March 1, 2018 Data Management Systems and MEL
Sebastian Dimunzio
News/Events, Open Data, Tech Stack

Development Gateway’s Geocoding Suite has several components, each working in tandem with aid and management information systems to assign precise geospatial data on the locations of development projects.We have recently announced the addition of a lightweight, user-friendly automatic geocoding backend tool – aptly called the AutoGeocoder. If you read our last blog post, you’re familiar with some of its highlights, functions, and features. In today’s post, we’ll be diving deeper into the tool’s inner workings – as well as into recent changes we’ve made to the lightweight, open source Open Aid Geocoder tool.

Below, we begin with the AutoGeocoder:

AutoGeocoder

As mentioned in our last post, the AutoGeocoder tool reads through text provided in various document formats (PDF, DOC, TXT) to identify activity locations, and then produces a final list of georeferenced location names. The tool has been fully developed in Python 3, and combines well-known tools and libraries such as NLTK and scikit-learn.

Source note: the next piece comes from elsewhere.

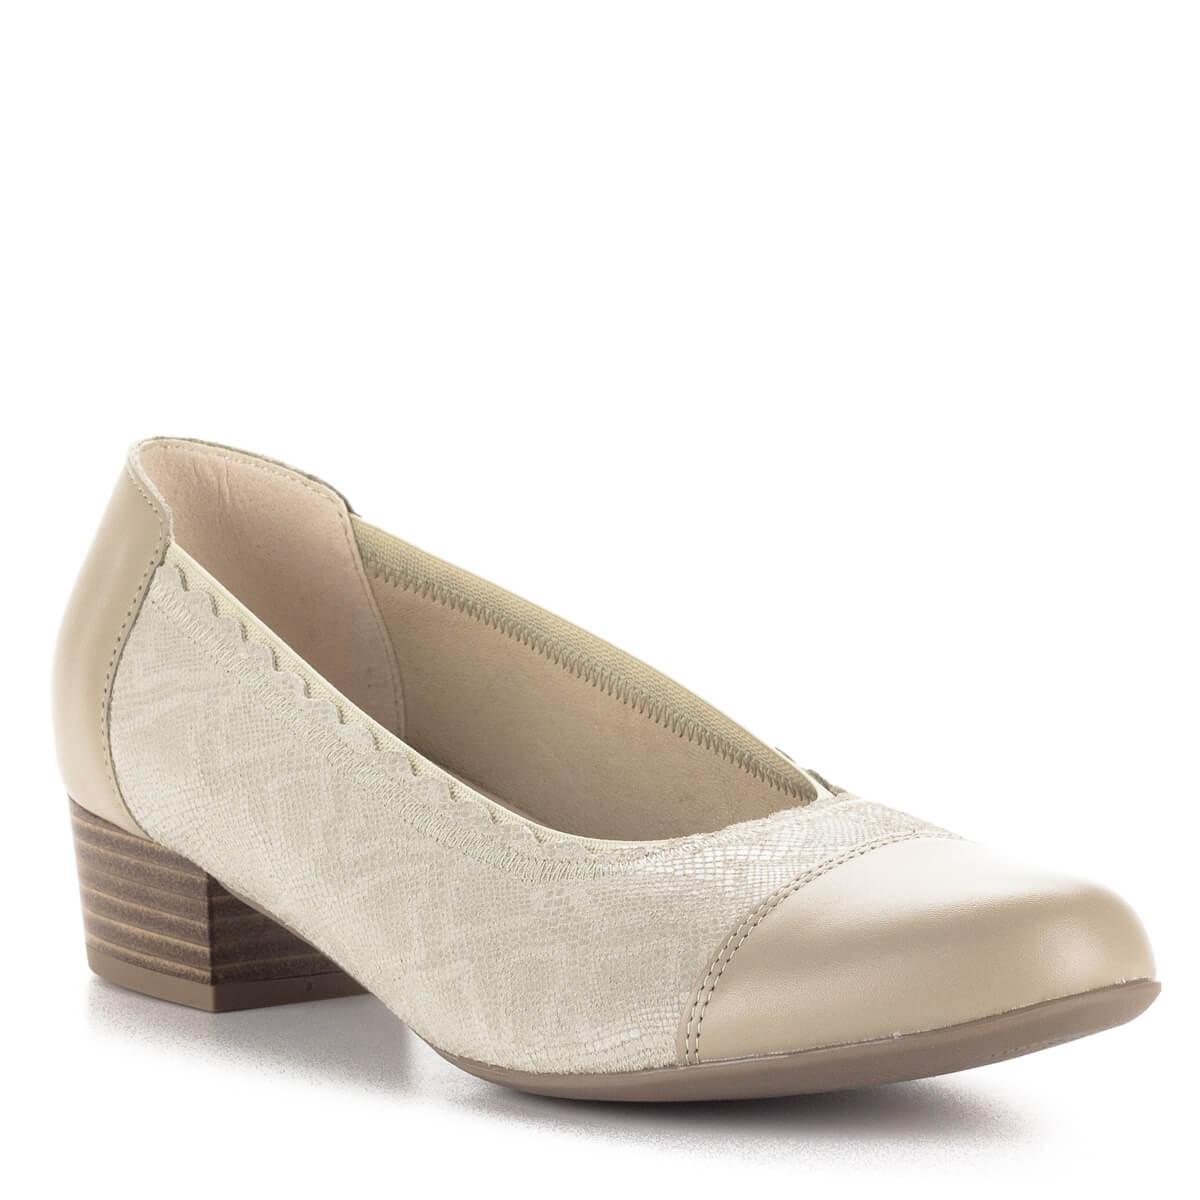 Kis sarkú bézs Alpina cipő, körben gumis szegéllyel, G

In short, the AutoGeocoder is able to read a text-based document, split it into sentences, classify those sentences using a text classifier, filter classified sentences to include only project implementation-related text, generate a list of named entities from the selected sentences by querying the Stanford NER Server, and finally query the GeoNames API to retrieve the final project location information.

It is composed of three key elements:

  1. A supervised machine learning-based text classifier that detects which sections of the documents refer specifically to project implementation details;
  2. A Named Entity Recognizer (NER), currently provided by Stanford NER;
  3. A Gazetteer Service, allowing the tool to query geographic information, provided by GeoNames.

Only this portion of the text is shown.